Whether it's local or national, it's really the stuff that we feel most passionate and excited about that end up being the games that have been the best for us. I think the subways affect us and we feel strongly about them. Certainly it won't have the same reach as Thoughts and Prayers or the EpiPen Tycoon, which people all over the country responded to. But we also want to make something that will delight all of our friends and family who are also stuck on an F train with a floor covered in vomit for 3 hours underground.

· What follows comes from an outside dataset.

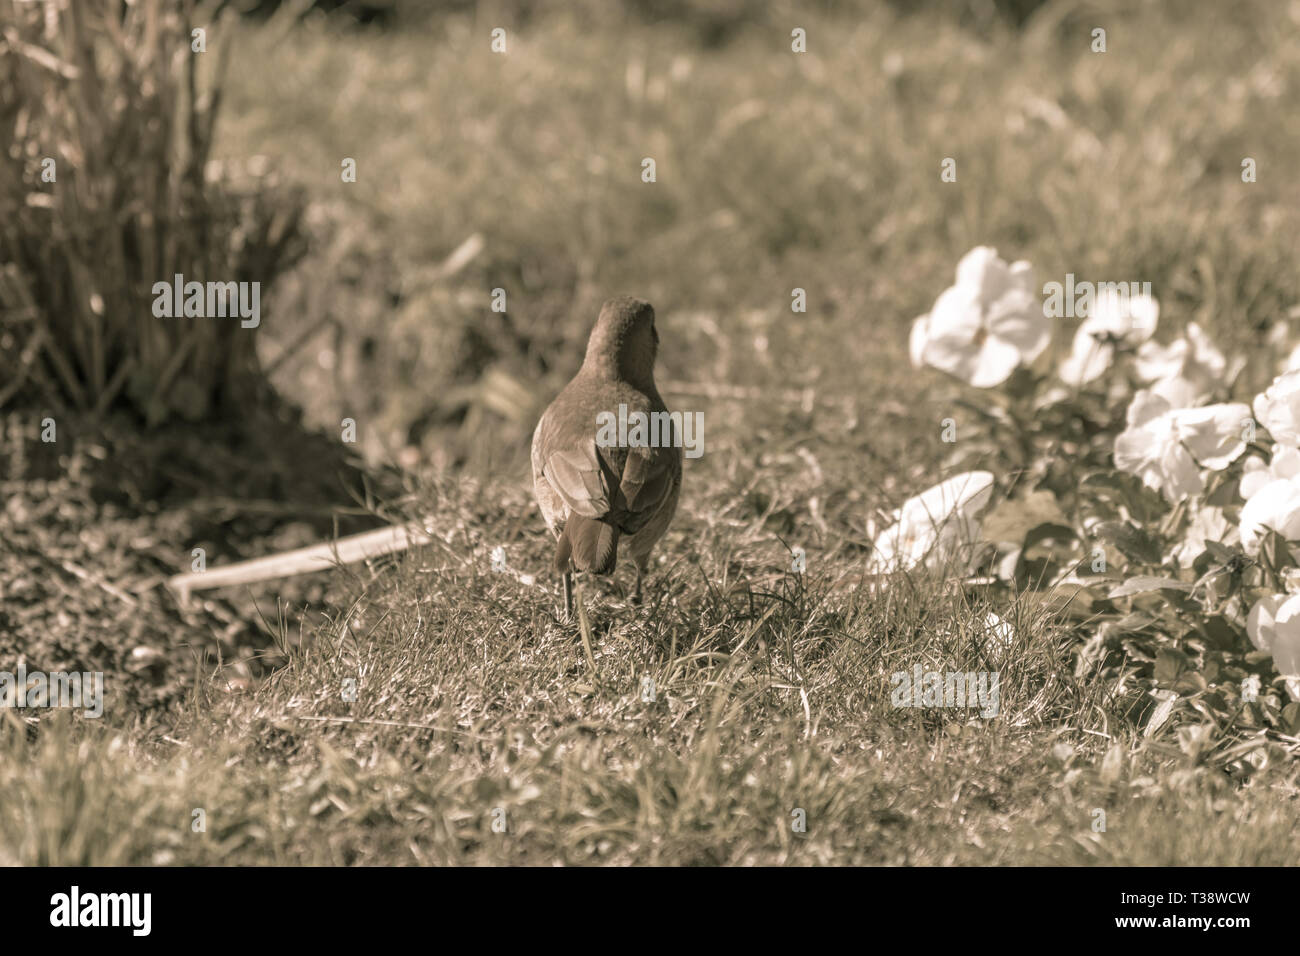 Little bird walking with total freedom in a park. Photograph taken in Punta del Este, Uruguay. - Stock Image
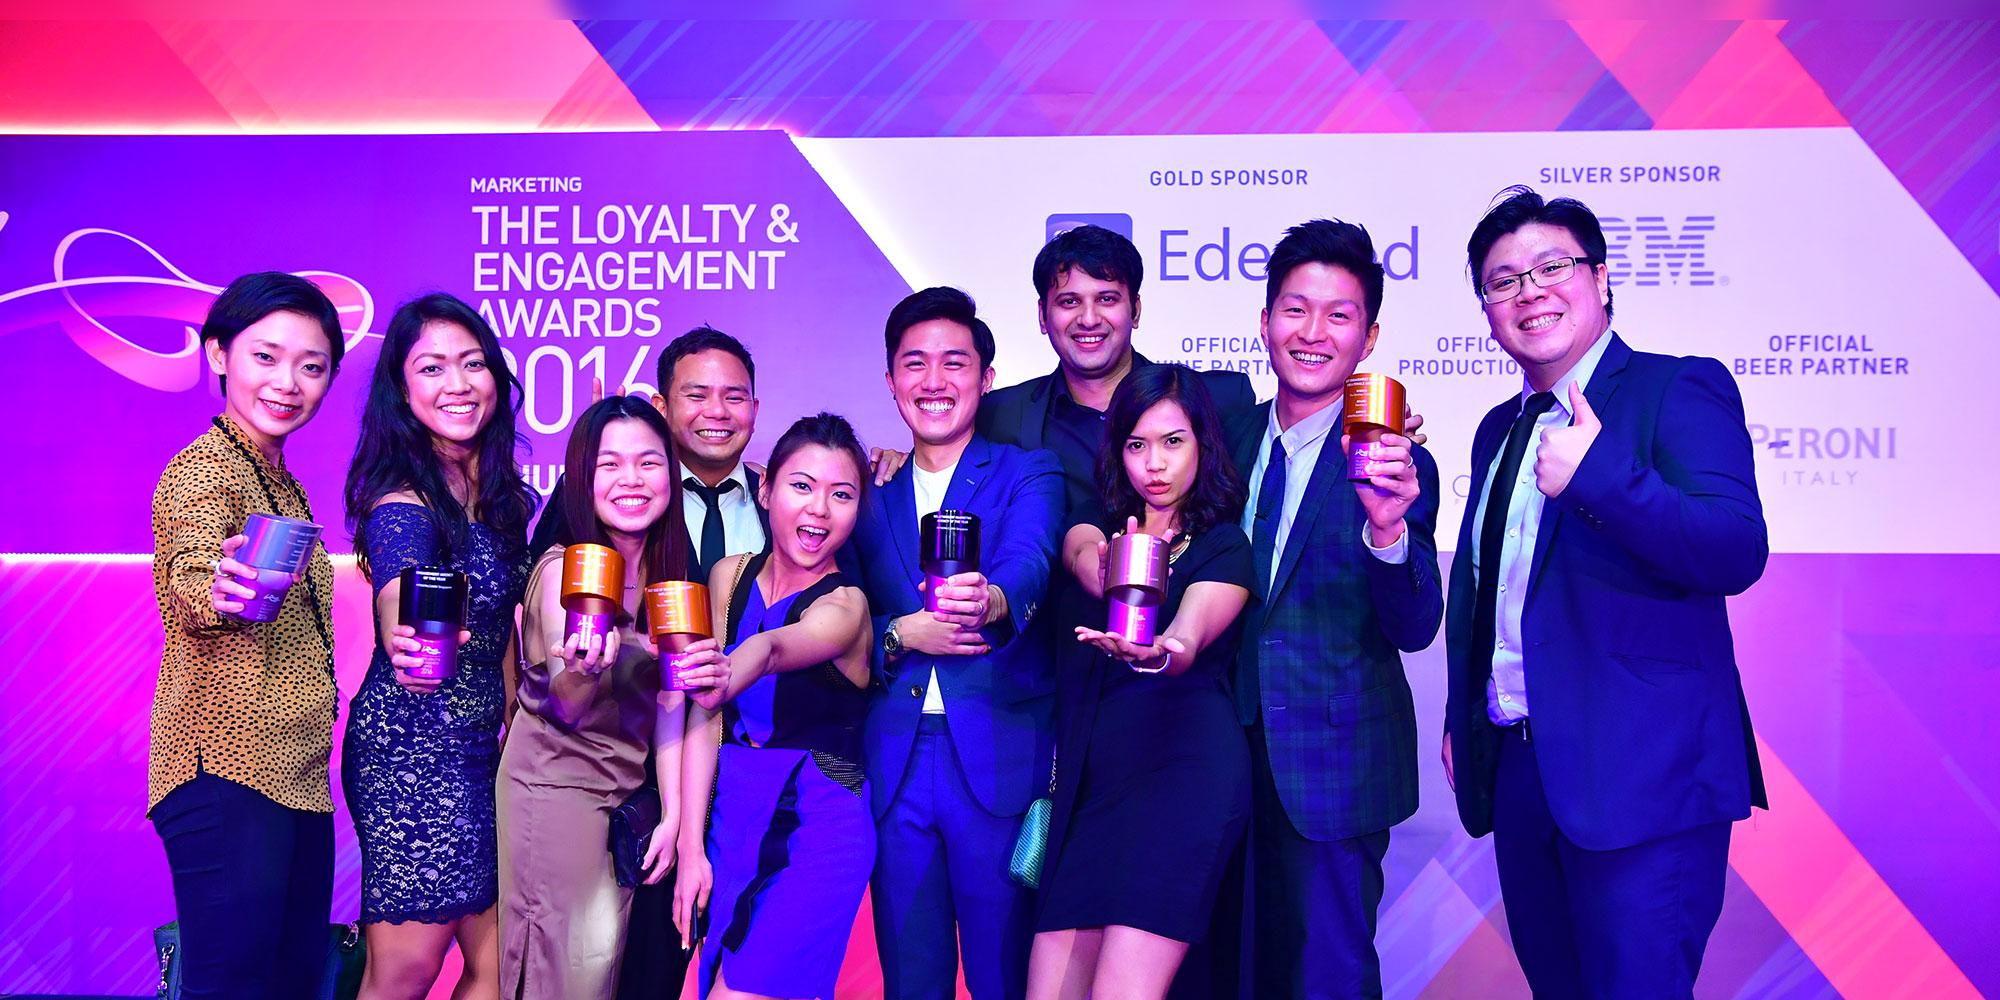 Loyalty & Engagement Awards 2017

Have you gotten any traffic outside of New York?
It's definitely New York centric; the vast majority of players have been in the New York area, but you can sort of see people from all over the country playing it. Especially people in other urban areas that probably have their own mass transit woes: there's definitely a good amount of people from San Francisco, Los Angeles, and Chicago. And certainly there's some people from D.C., who are probably just feeling really smug about the whole thing.
So what's the point of making an online game about the subway—or even gun violence and insane medical costs, for that matter? What purpose do they serve?
To me, it's just a different way to look at an issue. It might be more fun, or more funny, or more strange, and I think when you can have a different way to look at things, maybe there's a chance of changing what happens in the world. I think what a game does well is point out the absurdity of the situation; this debate often gets mired in a lot of seriousness, but if you step back and look at it like this sort of giant, Donkey Kong-style clusterfuck that it is, then maybe people can get a little bit more perspective on it and move toward actually figuring out a solution versus having hypothetical conversations about free markets versus state-run lines, nickel fares, and the legacy of the IRT.
Have you heard at all from the MTA?
We have not. Hopefully their hands are too full replacing all of the broken signals, that they don't have time to reach out to us. I hope we're low on their list of priorities right now.